Sources of HIV Acquisition
We estimated that black MSM are disproportionately affected by HIV, representing 75% of the MSM population in 2008–2017 (see Table S4, Supplemental Digital Content, https://links.lww.com/QAI/B449), and acquiring 93% (90%–96%) of all new HIV infections (Fig. 2A, see Table S5, Supplemental Digital Content, https://links.lww.com/QAI/B449). Older MSM, who constituted 73% of the MSM population between 2008 and 2017 (see Table S4, Supplemental Digital Content, https://links.lww.com/QAI/B449), acquired 54% (48%–59%) of HIV infections (Fig. 2B, see Table S5, Supplemental Digital Content, https://links.lww.com/QAI/B449).

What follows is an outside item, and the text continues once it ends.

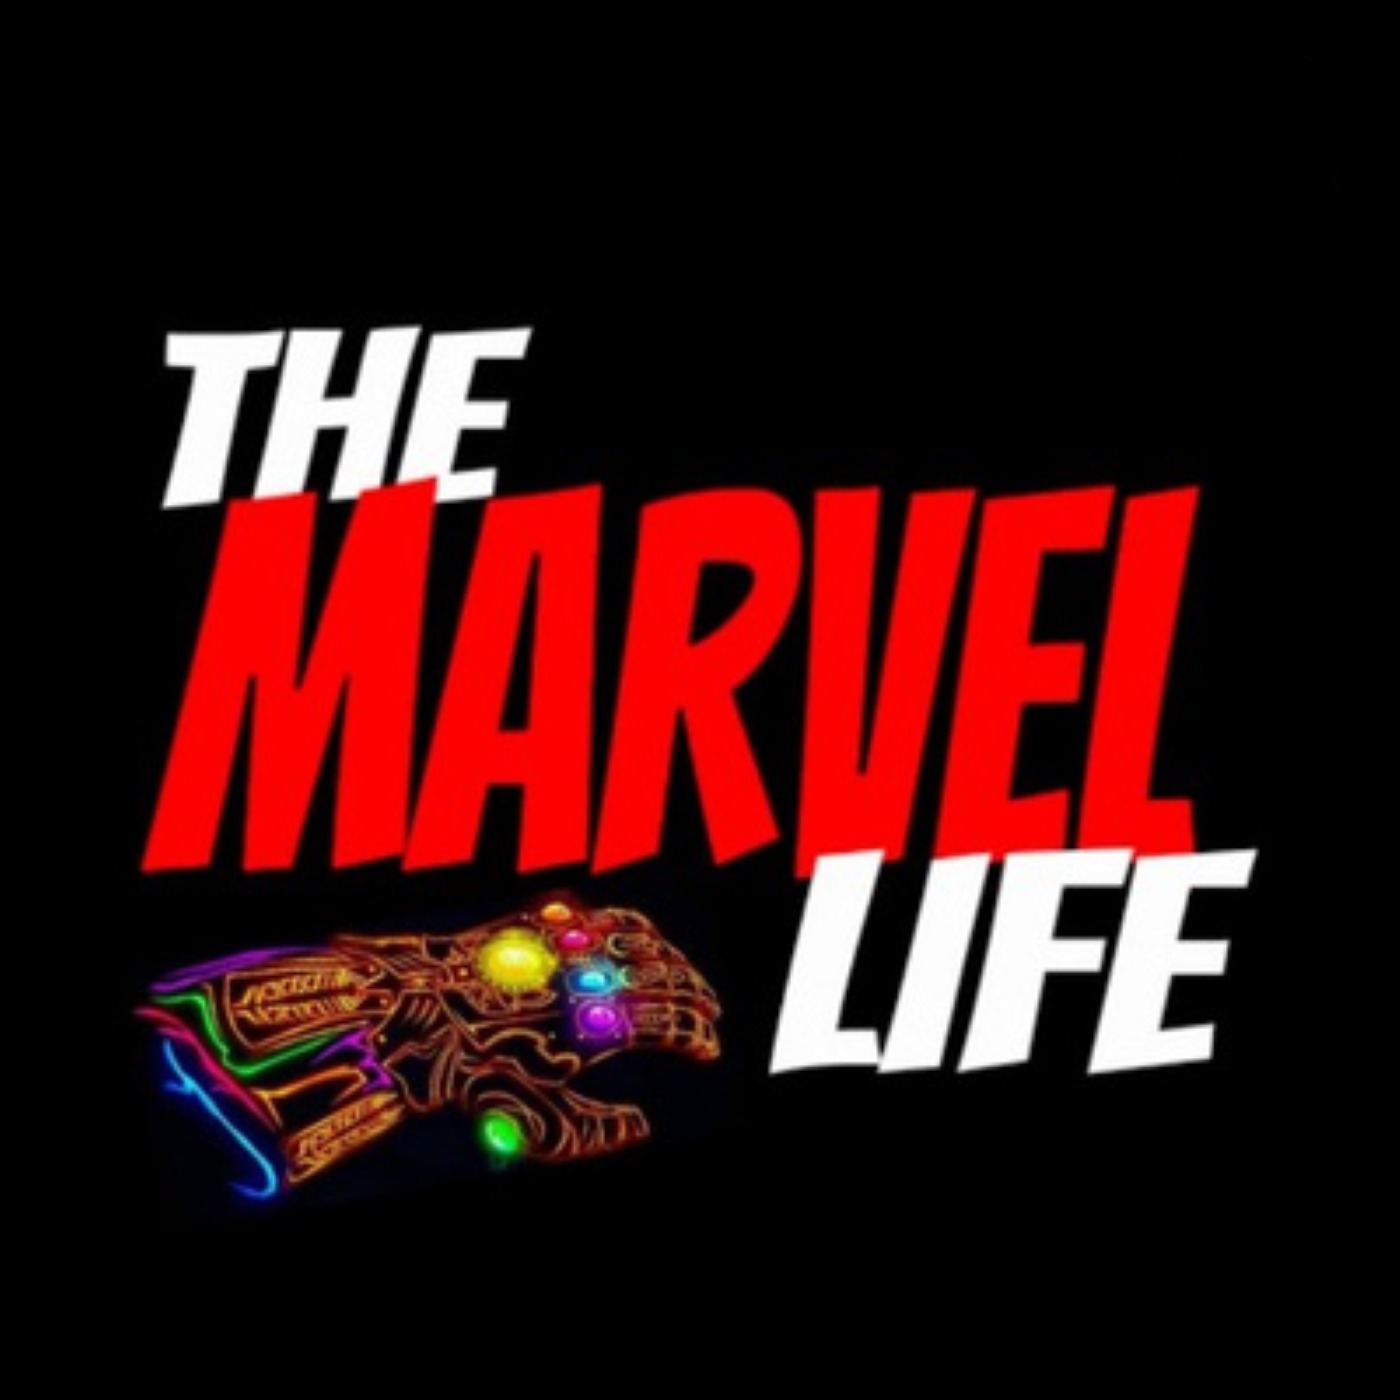 Episode 116: The Marvel Life

The fractions of incident infections acquired by black MSM and younger MSM populations have increased over time due to relative population size increases (Table 1, see Table S4, Supplemental Digital Content, https://links.lww.com/QAI/B449). We also estimated that HIV incidence rates among black MSM over the period 2008–2017 were 8 times higher than among white MSM, and were 1.7-fold higher among younger MSM than older MSM over the same period (Table 1).
Contributions to HIV Transmission
Our model results suggest that over 2008–2017, black MSM and older MSM directly or indirectly contributed to the greatest number of HIV transmissions, with PAF2008–2017 of 97% (95%–98%) and 75% (67%–81%), respectively, compared with 4% (2%–6%) for white and 35% (27%–49%) for younger MSM (note that the PAFs take into account secondary transmissions, which can overlap for different groups; Fig. 2, see Table S5, Supplemental Digital Content, https://links.lww.com/QAI/B449), reflecting the higher HIV prevalence and larger population size of these groups. Similarly to HIV acquisition, the PAF for black MSM increased slightly over time, whereas the PAF for older MSM was slightly lower during 1998–2007 than during 1988–1997, and then increased again. However, we estimated that the per-capita transmission rate (expressed per 100 infected person-years) for younger MSM was twice that of older MSM (12.7 vs 6.2, Table 1), and also twice as high for black HIV+ MSM as for white MSM (7.0 vs 3.3), reflecting the reported higher sexual activity and lower ART coverage of younger and black MSM in Baltimore (see Table S1, Supplemental Digital Content, https://links.lww.com/QAI/B449).
Types of Partnerships
Around half of HIV transmissions were contributed by main partnerships, with PAF2008–2017 estimated at 55% (48%–63%), compared to 44% (35%–55%) and 16% (10%–26%) for casual and commercial partnerships, respectively (Fig. 3 and see Table S5, Supplemental Digital Content, https://links.lww.com/QAI/B449); main, casual, and commercial partners accounted for 22%, 56%, and 22% of all new partners, respectively. The estimated proportion of transmissions contributed by the different partnership types remained stable over time, reflecting stability in NHBS data in the proportion of recent sex acts reported to be with different partner types.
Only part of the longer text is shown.